Born September 29, 1896
Cleveland, Ohio
Died June 18, 1961 (aged 64)
Chagrin Falls, Cuyahoga County, Ohio
Resting place Knollwood Cemetery in Mayfield Heights in Cuyahoga County
Nationality Czech-American
Political party Republican
Spouse(s) Clara Edna Eckhardt Bender (married 1920-1961, his death)
Children Barbara B. Stevenson

Virginia B. Bartlett

Alma mater West Commerce High School in Cleveland
Religion Methodist

George Harrison Bender (September 29, 1896 – June 18, 1961) was a Republican politician from his native Cleveland, Ohio. He served in the United States House of Representatives from 1939 to 1949 and 1951 to 1954, the last term in the former District 23. He was a United States Senator from 1954 to 1957 but lost the 1956 general election to maverick Democrat Frank Lausche.[1][2]

Background

Of Czech descent, Bender was the son of Joseph Bender, an employee of General Electric, and the former Anna Šírová (1866-1933). He graduated in 1914 from West Commerce High School in Cleveland.[3]

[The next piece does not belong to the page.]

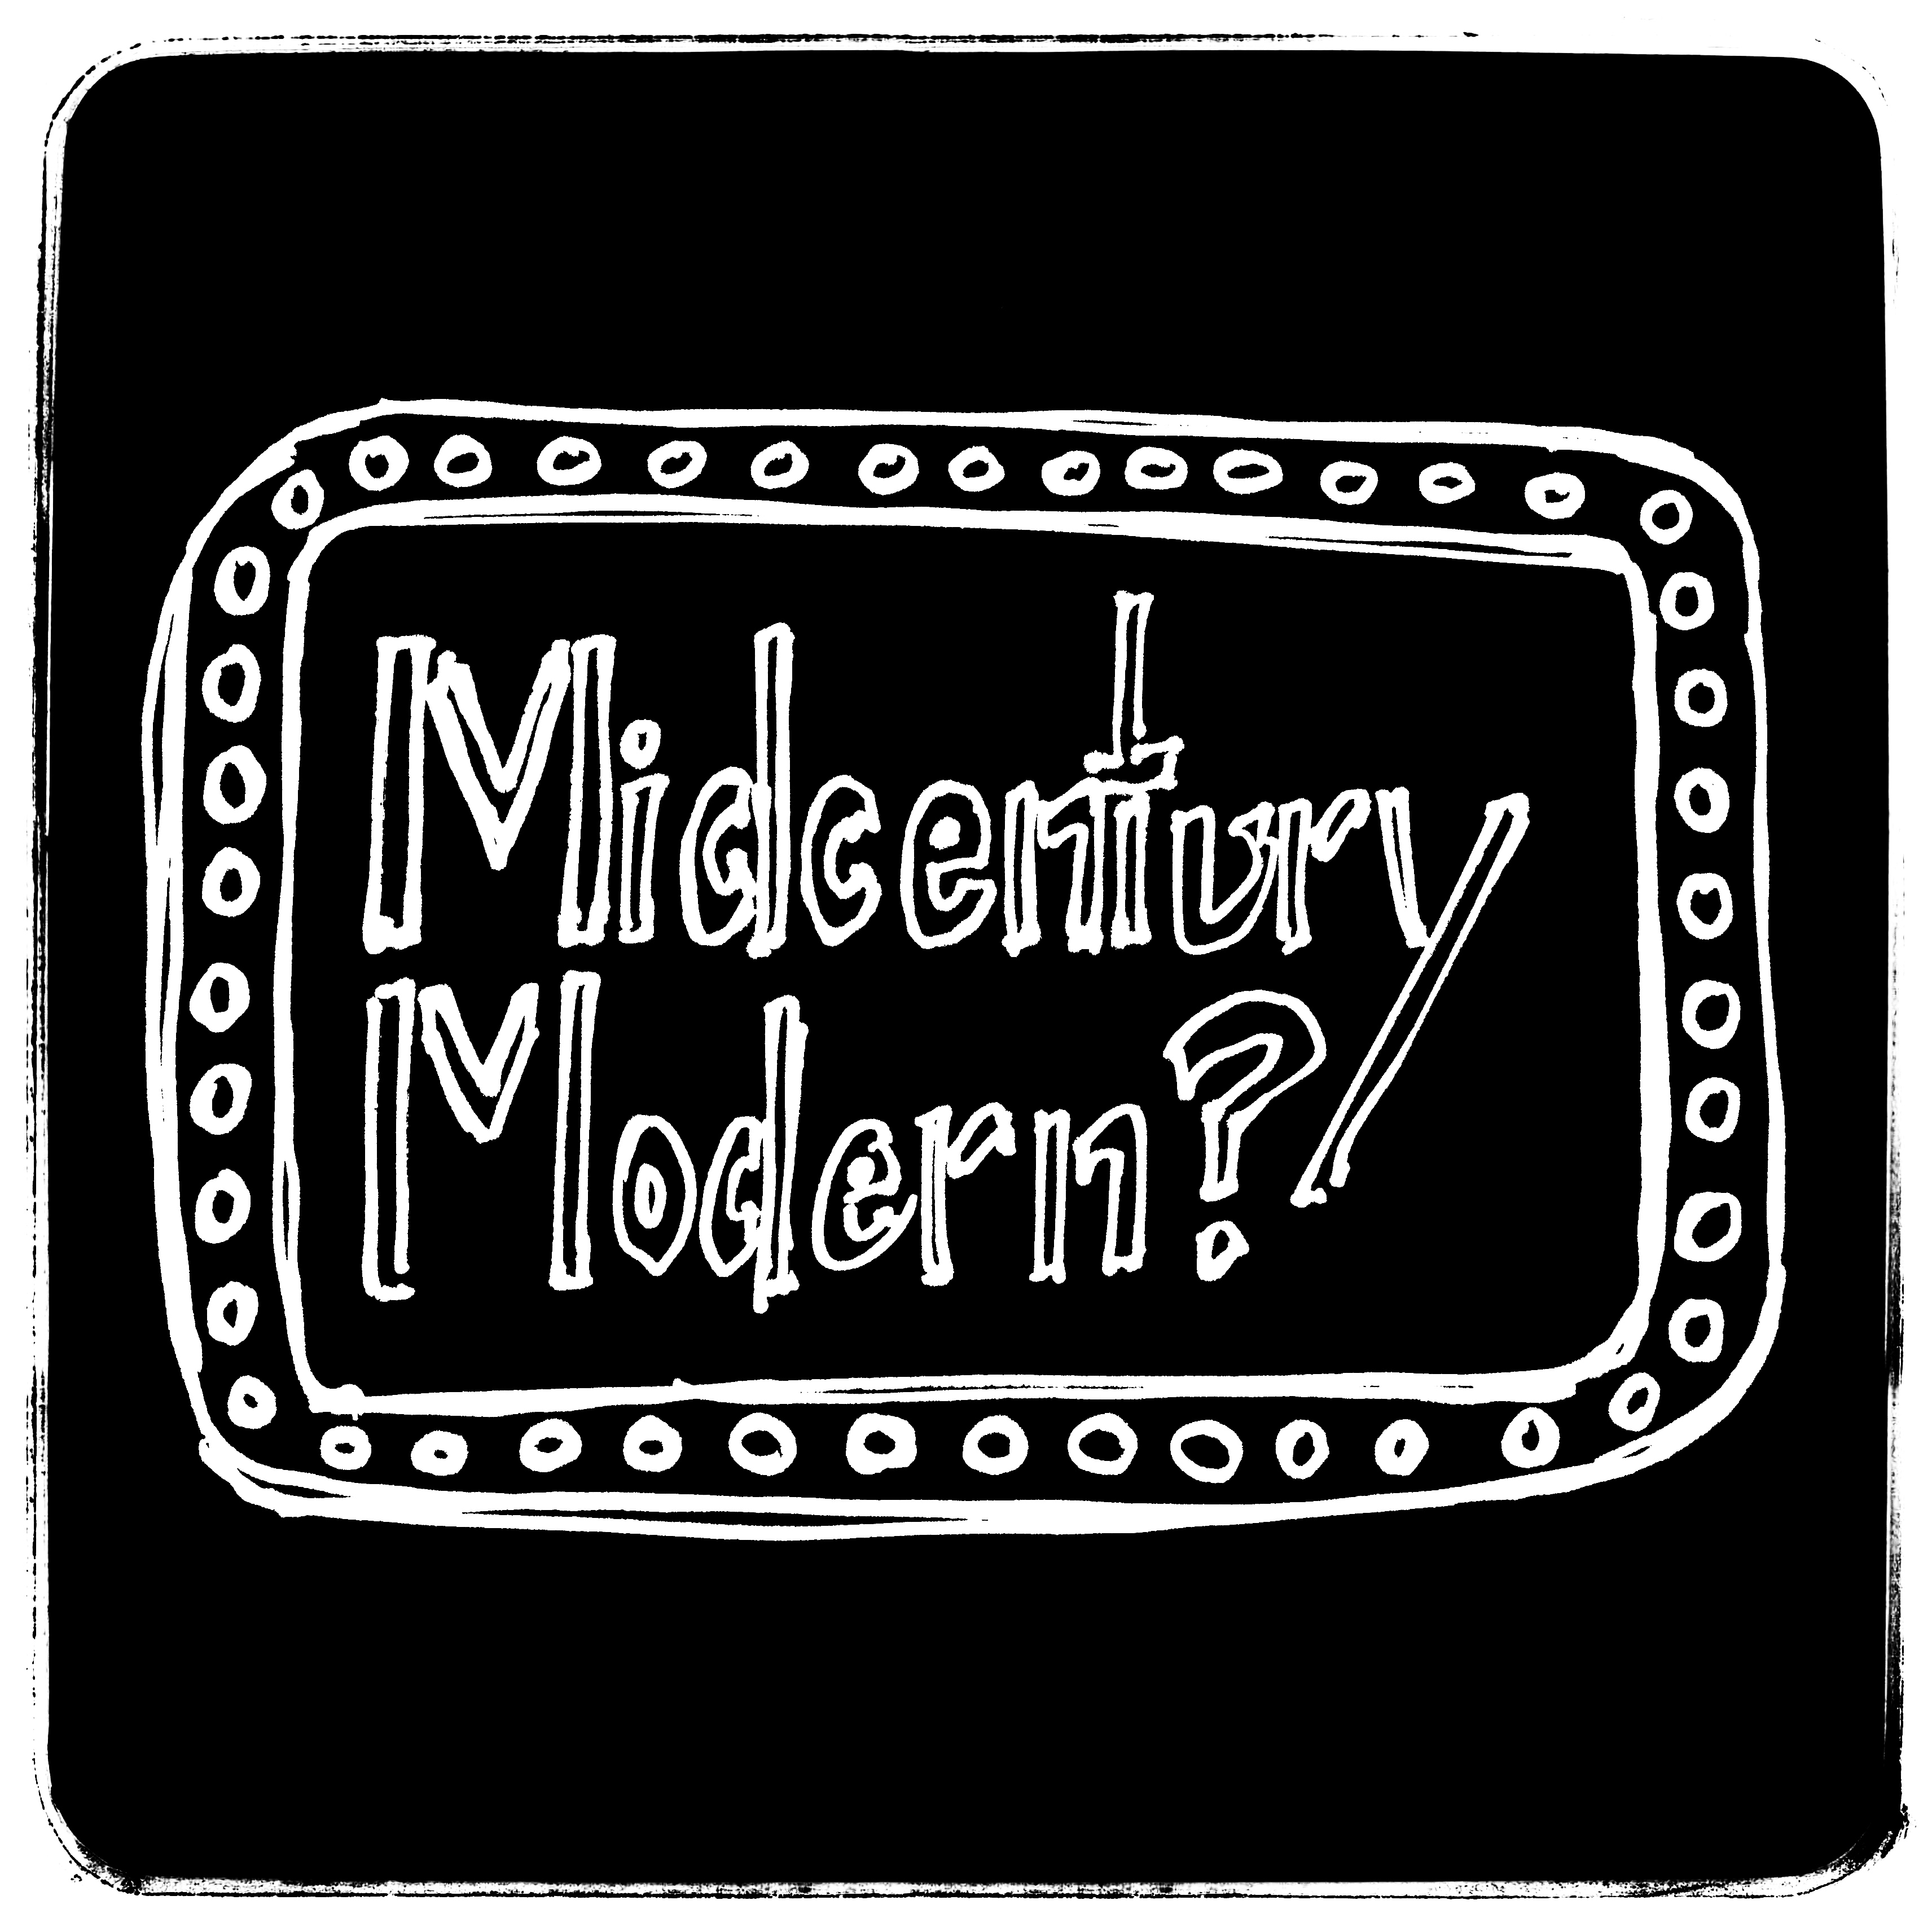 Rebranding Midlife: Mid-century Modern
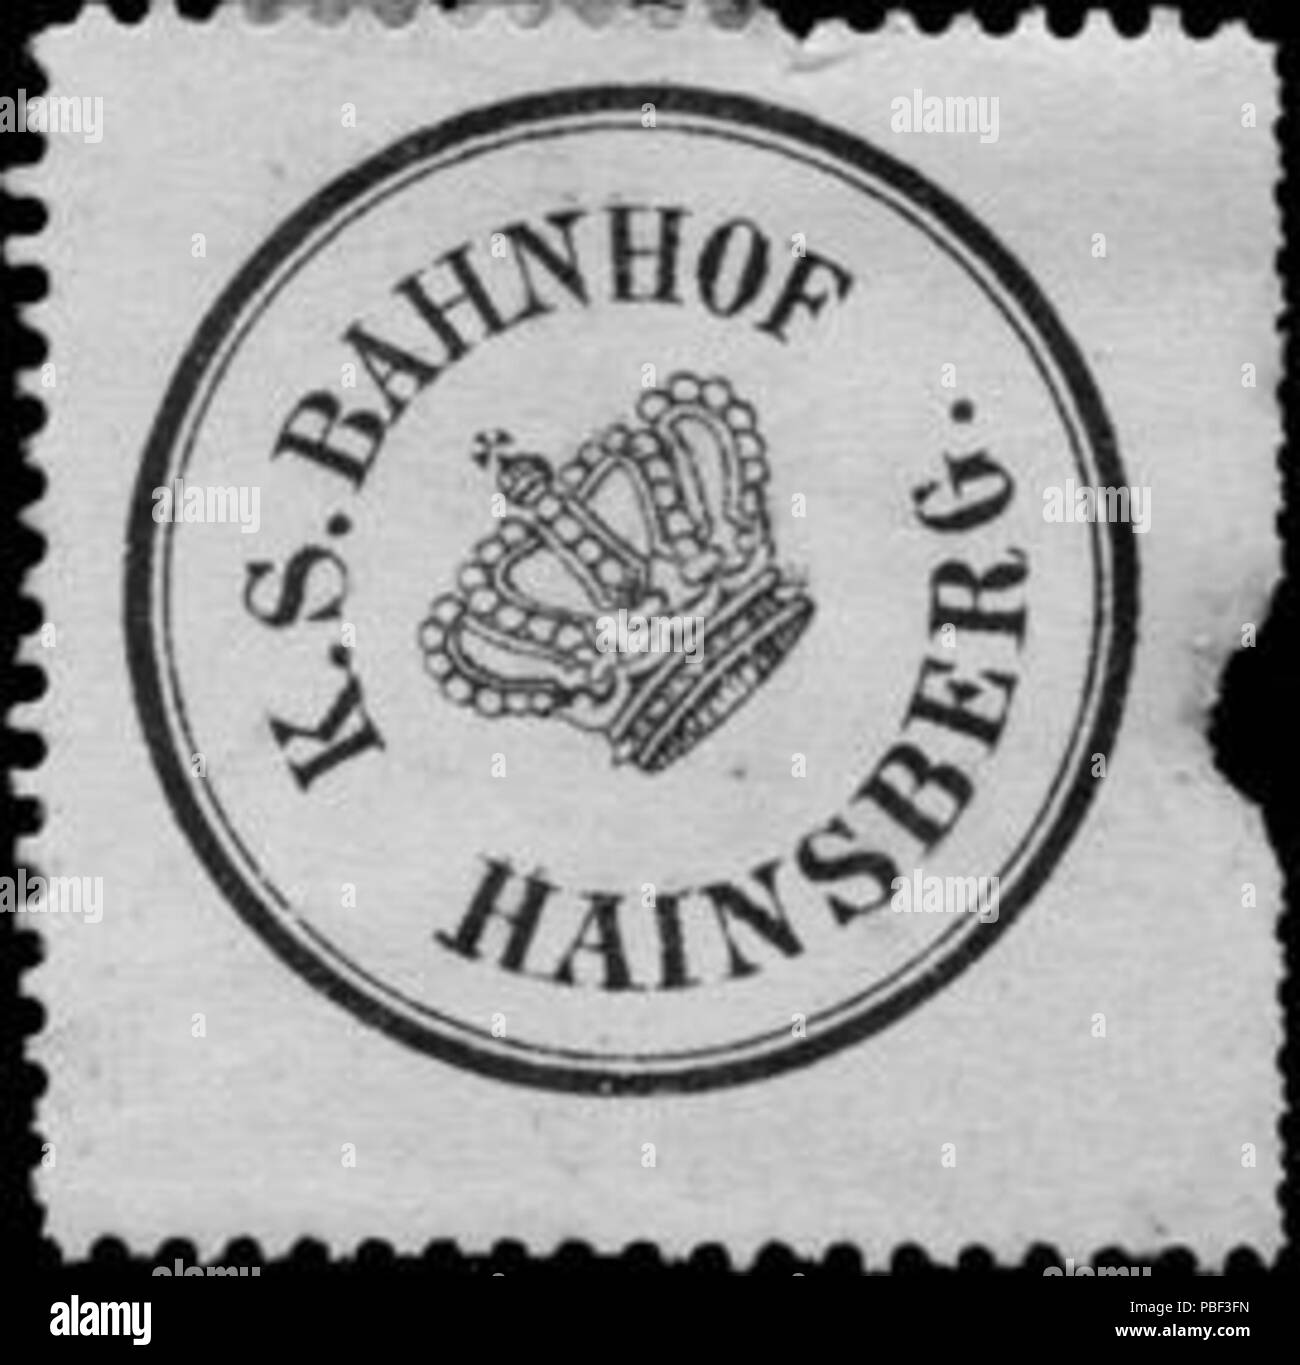 Alte Briefverschlussmarke aus Papier, welche seit ca. 1850 von Behoerden, Anwaelten, Notaren und Firmen zum verschliessen der Post verwendet wurde. 1463 Siegelmarke Königlich Sächsischer Bahnhof Hainsberg W0205532 Foto Stock

As a fifteen-year-old, he developed political awareness and collected in 1912 ten thousand signatures on a petition urging former president Theodore Roosevelt to seek a third term as president; this was several decades prior to adoption of the Twenty-Second Amendment to the United States Constitution, which bars a president for more than two elected terms but permits another two years of a nonelected term. Bender personally presented the petition to Roosevelt, who replied in kind with news that he would indeed challenge an Ohioan, incumbent William Howard Taft, who was seeking a second term. Taft won the nomination despite losing all six of the then presidential primaries. In the general election, Roosevelt and Taft both lost the general election to Woodrow Wilson, but had they been united, they would have defeated Wilson, then the Democratic governor of New Jersey. Though he was briefly a member of the Progressive Party, Bender began to campaign for Republicans thereafter.

In 1920, he wed the former Clara Edna Eckhardt; they had two daughters, Barbara B. Stevenson (1923-2005), the wife of Ernest B. Stevenson (1922-2004), and Virginia B. Bartlet, the widow of Brigadier General Dorsey Joseph "Joe" Bartlett.[4] Though his passion was politics, he worked at various jobs in the private sector, including a stint as the manager of the Cleveland Stadium.[1]

Political career

In 1920, as a Republican, he became the youngest person to win a seat in the Ohio State Senate up until that time. He held the seat for ten years. He pushed unsuccessfully for the introduction of teacher tenure. Initially a strong supporter of Prohibition, he quickly changed his mind after police based on an anonymous tip raided his Cleveland home in search of unfound illegal liquor. Bender advocated for the 21st Amendment to the Constitution, which ended national prohibition in 1933, but it permits individual states to decide the issue for themselves. In 1934, he founded and edited The National Republican and The Ohio Republican magazines, which he edited and published.[1]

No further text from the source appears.